ГЛАВА I. Визит встревоженного человека


   Фамилия моя Космич. Крещенный (это все бабка) Антоном. Отца, если хотите, звали Глебом. Мать — Богуславой. Занятие родителей до революции? Отец, окончив гимназию, как раз успел на Зеленого и Махно. Мать — года три как перестала играть в куклы.
   Я даю вам эту развернутую анкету для того, чтобы все было ясно. Анкету с добавлением милицейского описания примет. А вдруг чего-то натворю? Особенно при моей склонности впутываться в различные приключения, на которые мне к тому же везет.
   Мне без малого тридцать восемь лет. Старый кавалер[1], как говорила моя знакомая Зоя Перервенко, с которой у меня тогда как раз кончался короткий и, как всегда, не очень удачный роман.

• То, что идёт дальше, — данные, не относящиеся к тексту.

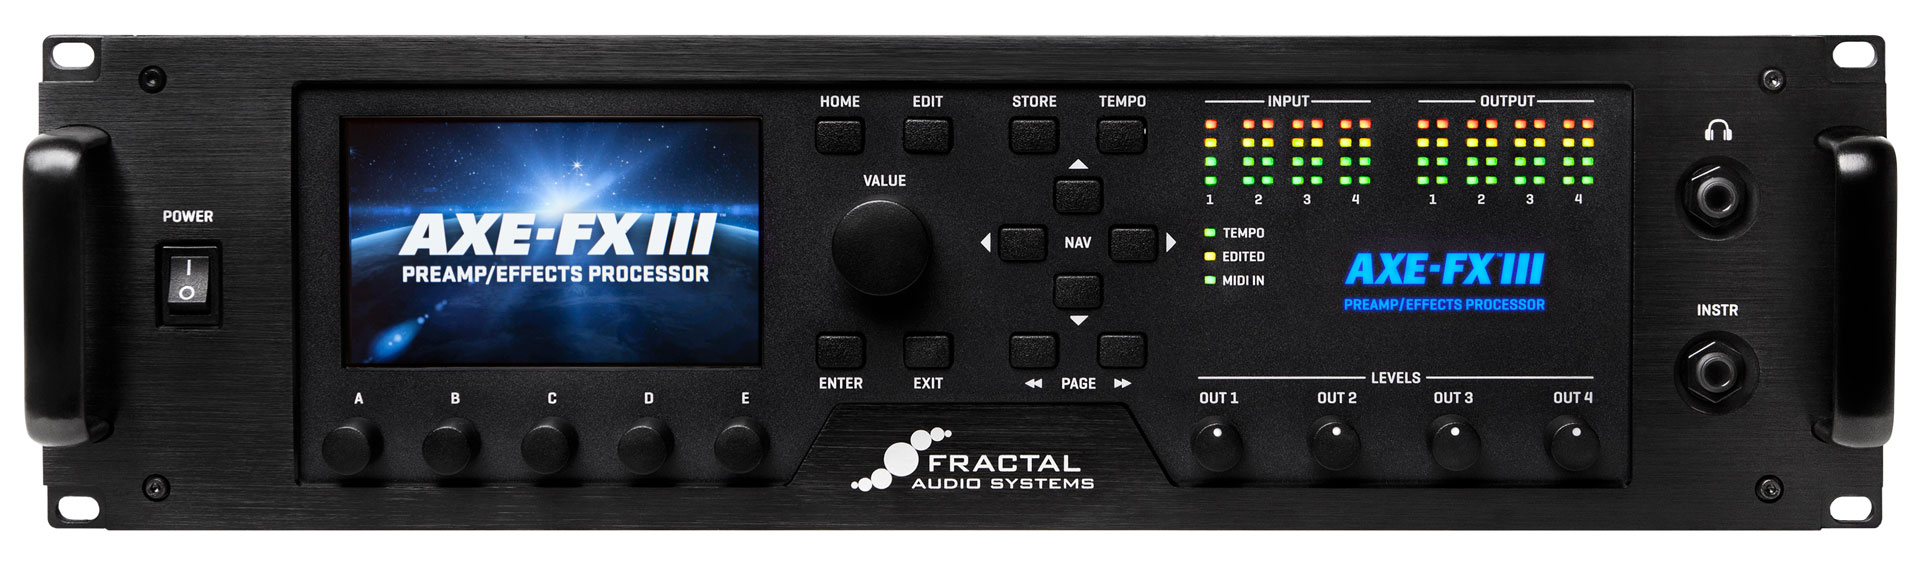 Axe-Fx III – Fractal Audio Systems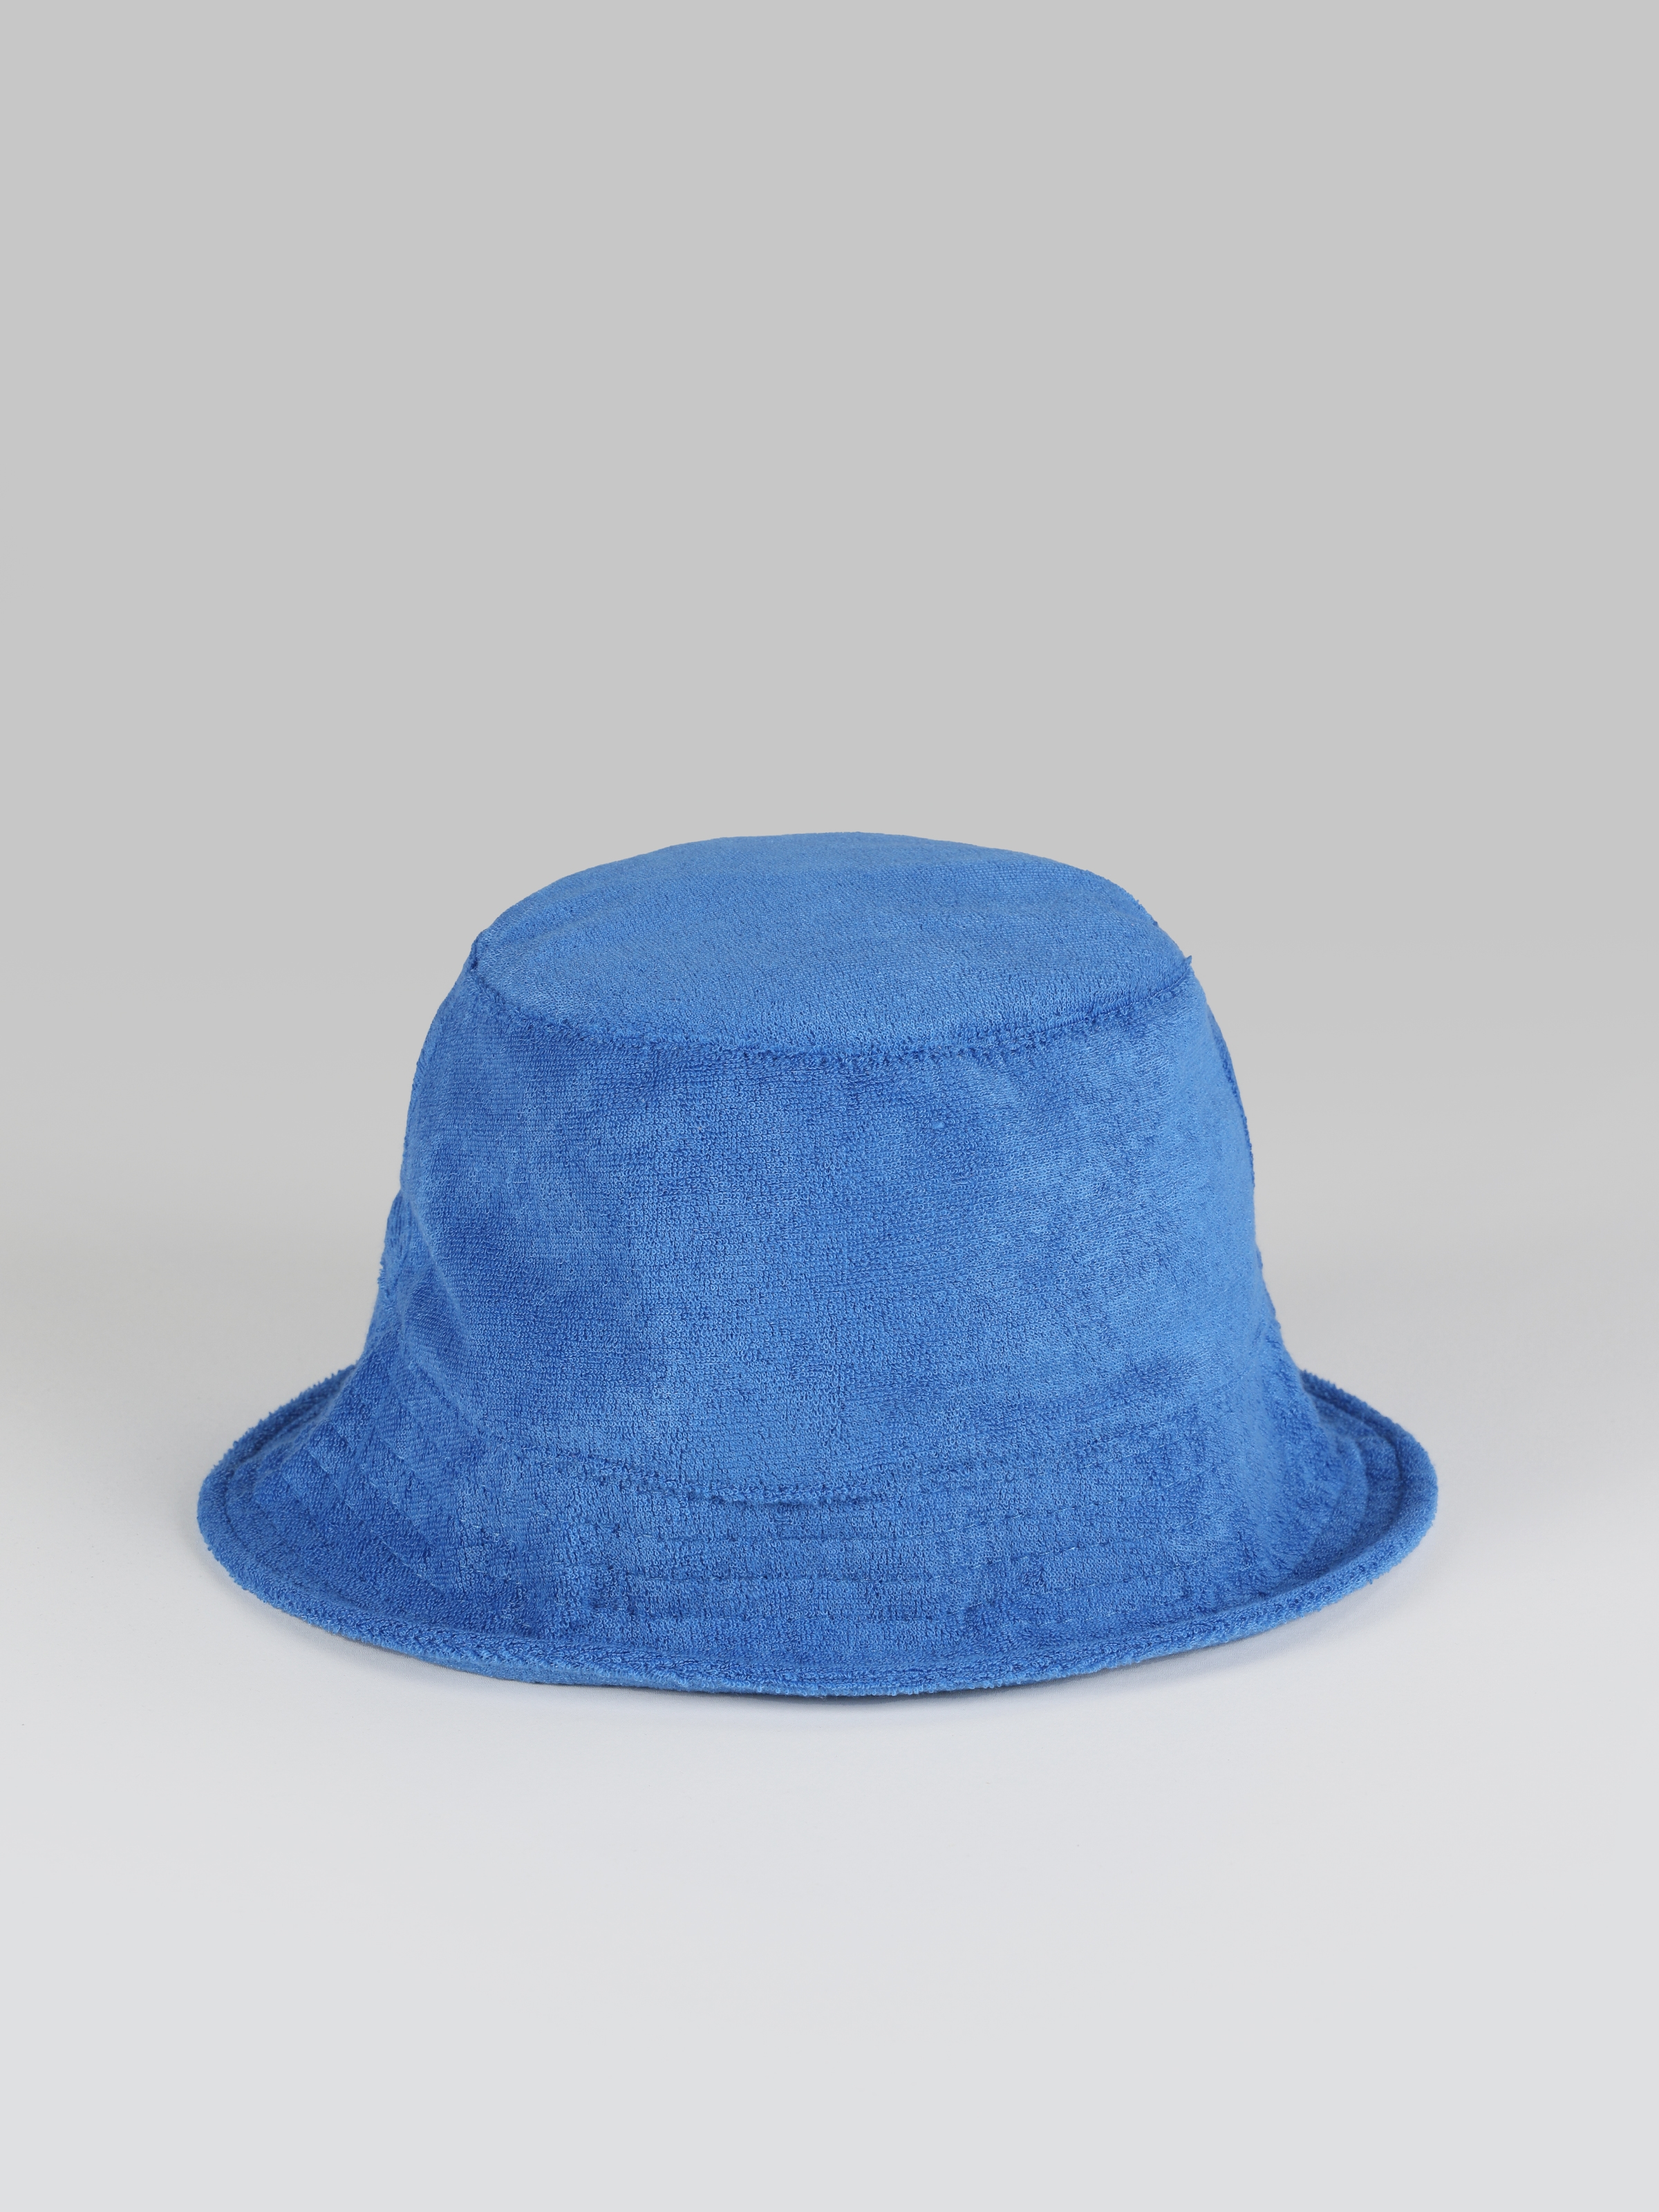 اعرض التفاصيل لـ دلو دلو قبعة المرأة الزرقاء

   Этакий старый холостяк, который из-за войны да науки не женился, а теперь уже поздно.
   Жизнеописание этого старого холостяка подано пунктиром. На два года раньше, чем положено, окончил школу. Щенком с мокрой мордочкой. В сорок первом. Накануне. С выпускным балом, девочкой в белом и вальсом до утра. Глупый, избитый, затасканный дрянными писателями прием. Но тут так и было. К великому сожалению и скорби. Потому что в то утро две первые бомбы упали на почтамт и кинотеатр. Мы с нею были в кинотеатре, так что все это произошло на моих глазах.
   Тряс перед военкомом свидетельством об окончании школы. Паспорта еще не было. Но поверили. Здоровая вымахала дубина. Взяли.
   И хлебнул я тут сполна. Родной городок. Отступаем… Над паровой мельницей единственный уцелевший репродуктор, и из него — бравурный марш. И наровлянин Коляда, командир моего отделения, весь в пыльных бинтах, резанул по нему из автомата (мало их еще тогда было, чуть ли не единицы).
   Резанул, «чтоб не звягав, паразит».
   Здесь и окончилась моя возвышенная юность. Здесь, а совсем не тогда, когда мы прикрывали отход наших и Коляду убили, а меня, засыпанного землей, взяли в плен. Было это севернее Орши.
   Я удрал из эшелона под Альбертином. И здесь же, в Слониме, чуть снова не попался… Спас меня дядька Здислав Крыштофович. Как только наши его не хвалили: и прислужник, и подпевала, и…
   Немцы потом, в конце сорок второго, повесили его, хорошего человека, в деревне под Слонимом. И ладно хотя бы то, что уже десять лет стоит ему в той деревне памятник.
   Вот так, друзья.
   Потом была партизанщина. Снова армия. Сильно изранен возле Потсдама. Демобилизован.
   И начали меня в университете учить «уму-маразму». В пятьдесят первом получил диплом. В пятьдесят четвертом аспирантуру окончил. Удивляюсь, как от всей этой науки не стал неисправимым дубом. Диссертацию защитил по «шашнадцатому» столетию: деятели реформации, гуманисты.
   Стал кандидатом наук, специалистом по средневековой истории, не совсем плохим палеографом. Написал несколько десятков статей, три монографии — можно и в доктора подаваться. Это и собираюсь сделать. Вот-вот.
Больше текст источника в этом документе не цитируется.